由于从首页进入一个个搜索的话会有很多弹窗,所以考虑过用selenium模拟点击关闭各种弹窗以及验证等等,但是效率实在不敢恭维,虽然封ip没那么严重,但是没那么多时间消耗,所以后来考虑直接通过1688供应商按省市来爬取

这里进去随便搜索一个省,然后分析网页构成,比如搜索“甘肃”,网页的完整链接是这样子

https://s.1688.com/company/company_search.htm?keywords=%B8%CA%CB%E0&button_click=top&earseDirect=false&n=y&netType=1%2C11&pageSize=30&offset=3&beginPage=99

但是对我们来说有用的部分只需要这些,包含关键字以及分页的相关信息即可

https://s.1688.com/company/company_search.htm?keywords=%B8%CA%CB%E0&pageSize=30&offset=3&beginPage=99

然后分析网页构成,检测元素定位到想要的获取数据的地方,比如要获取员工人数和详情页链接

经过xpath解析后,完整的代码如下

 companylist = response.xpath('//div[@id="sw_mod_searchlist"]/ul[@class="sm-company-list fd-clr"]/li')
        for item in companylist:
            detailBlock = item.xpath(
                './/div[@class="list-item-left"]//div[@class="wrap"]//div[@class="list-item-detail"]')
            detailurl = detailBlock.xpath('.//div[@class="detail-left"]//div[3]/a[contains(@href, "")]/@href').extract()#详情页的url
            comMember = self.getListWithDefault(detailBlock.xpath('string(.//div[@class="detail-left"]//div[3])').extract())[0]
            comMember= self.replaceSpace(comMember)#经过工具方法得到员工数
            print("detailurl>>>>",detailurl)
            yield scrapy.Request(detailurl[0], callback=self.parse_detail,meta={'detailurl': detailurl[0],'comMember':comMember})
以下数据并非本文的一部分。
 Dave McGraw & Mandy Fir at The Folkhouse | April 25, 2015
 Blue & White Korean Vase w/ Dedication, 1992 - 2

数据传递到scrapy的回调函数,进入详情页获取更多数据,元素定位和xpath解析和前面没什么差别,注意的是详情页阿里有几种不同的布局,我这里只处理了两种布局,然后公司法人的相关信息是图片定位像素的方法加载的,我没做处理,最后吧所有数据和上个页面传递来的数据一并返回到item函数

 # 解析详情页获取数据
    def parse_detail(self, response):
        time.sleep(1.5)
        detailurl = response.meta['detailurl']
        comMember = response.meta['comMember']
        print("detailurl>>>",detailurl)
        companyTag = response.xpath('//h1[@class="company-name"]')
        # 公司名称
        companyName = self.getListWithDefault(companyTag.xpath('./span/text()').extract())[0]
        companyName = self.replaceSpace(companyName)
        # 诚信年限
        loyaltyYears = \
            self.getListWithDefault(companyTag.xpath('./a[@class="icon icon-chengxintong"]/text()').extract())[0]
        # 诚信等级
        loyaltyLevel = self.getListWithDefault(companyTag.xpath('./a[last()]/text()').extract())[0]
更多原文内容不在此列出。